Remington briefly interrupted his work on Western subjects when, in 1898, he went to Cuba to act as a war correspondent and illustrator during the Spanish Civil War. He came back disillusioned by the realities of war. Near the end of his life, he moved to Ridgefield, Connecticut, but he was very obese by this time, and ill-health dogged him until his death in 1909. Further biographical information can be found at the Frederic Remington Art Museum website, and PBS American Masters.

The Frederic Remington Art Museum, located in Ogdensburg, says ‘the depth and breadth’ of its Remington holdings is ‘unmatched’. The museum is located in a property lived in by Eva Remington (though not Frederic) towards the end of her life; and its holding - including Frederic Remington’s diaries - originated through a bequest by Eva on her death in 1918. It does not appear that the diaries have been published, though authors have used them as source material for research, and a few extracts can be found on the Museum’s website.

2 April 1907
‘Left New York on Central with Henry Smith on Limited 3:30 - for south western trip.’

5 April 1907
‘Got out a Tucumcari N, Mexico. 6:00 AM country green as a leek drove out but country uninteresting slept at hotel all afternoon. Local train late. Went to bed woked up at midnight, no train, back to bed . . .’

6 April 1907
‘Out of here at 5o’c. Got to El Paso at 6. couldn’t get room at Sheldon and barely got room at St Regis. . . First bath in a week . . .’

7 April 1907
‘Tired and loafed - short walk wondering when we will go or what we will do.’

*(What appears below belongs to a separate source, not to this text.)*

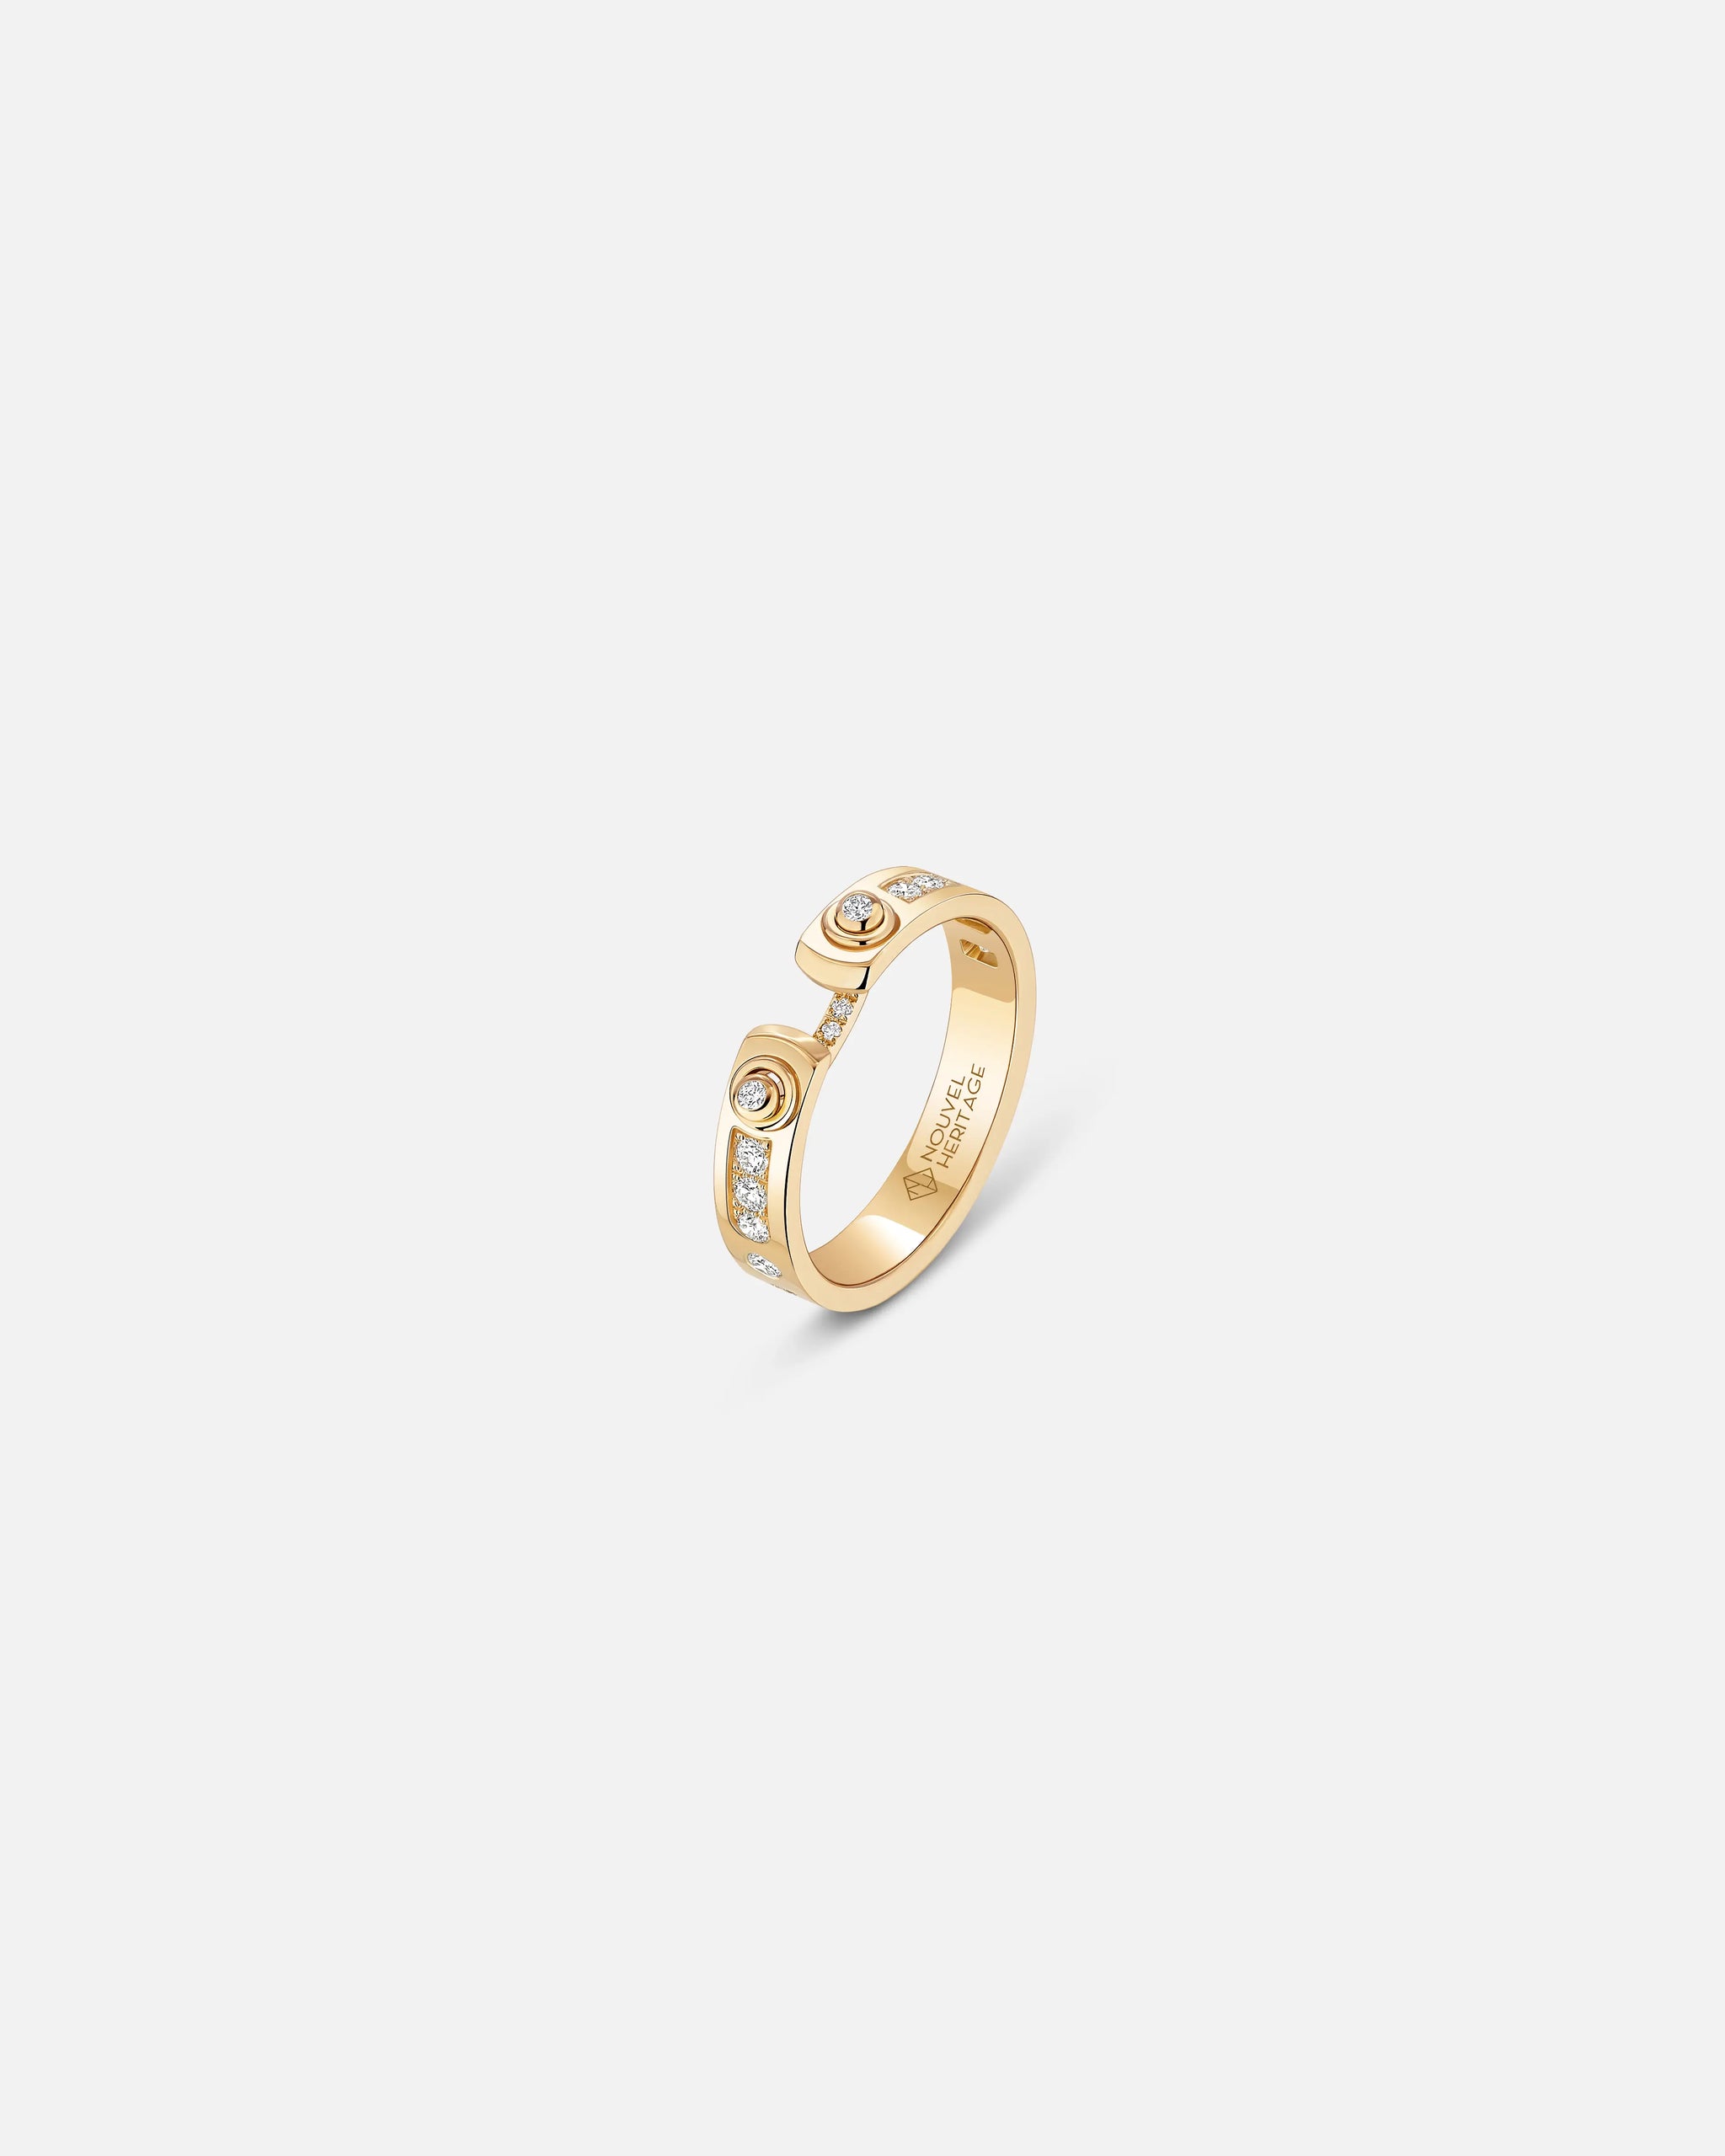 Tuxedo Mood Ring in Yellow Gold - 1 - Nouvel Heritage

9 April 1907 ‘Came up 900 ft. to Cloudcroft all pines and not very paintable. Horrible dinner. Something must be done . . .’

10 April 1907
‘Sketched all day - Mountain and horses beautiful weather fine sunsets on pine tress. Picture ‘The dead cow boy and outlaw horse’ . . . Henry wants to go Grand Canyon.’

11 April 1907
‘We can no longer stand the altitudes. My heart nearly stopped when I took a bath this morning. We are overcome by altitude. Went down to Alamagordo - engineer pulled the air on us and nearly killed half dozen people in caboose by shock. I sketched bluffs at sunset and had terrible ride home across irrigating ditches.’

23 April 1907
‘Sketched Rio Grand river - wonderful red color. Lunched with Terry. . . Left El Paso at night met army officer Powell at station.’

15 April 1907
‘Got to Canyon. El Dover Hotel. Sketched at evening. Canyon bigger than I was led to expect by descriptions or pictures. Met Artist A Keer.’

In 1996, the museum also acquired Eva’s diaries. It says: ‘[These] raise quite a few questions about the composition of our holdings. For instance, on Friday, June 27th, 1913, she writes, “In the P.M. I washed Frederic’s paintings and varnished them and made a great improvement.” Museums and private collectors are now working to remove such old yellow varnish from Remington’s paintings. On Thursday, March 18th, 1915, she records, “Went over things in Frederic’s desk & burned a lot of photos, etc.” We may never know what she deleted from the historic record, or, just as compelling - why she did it. Clearly our holdings were not preserved in a time capsule before they came to us, and sometimes not after they were here.’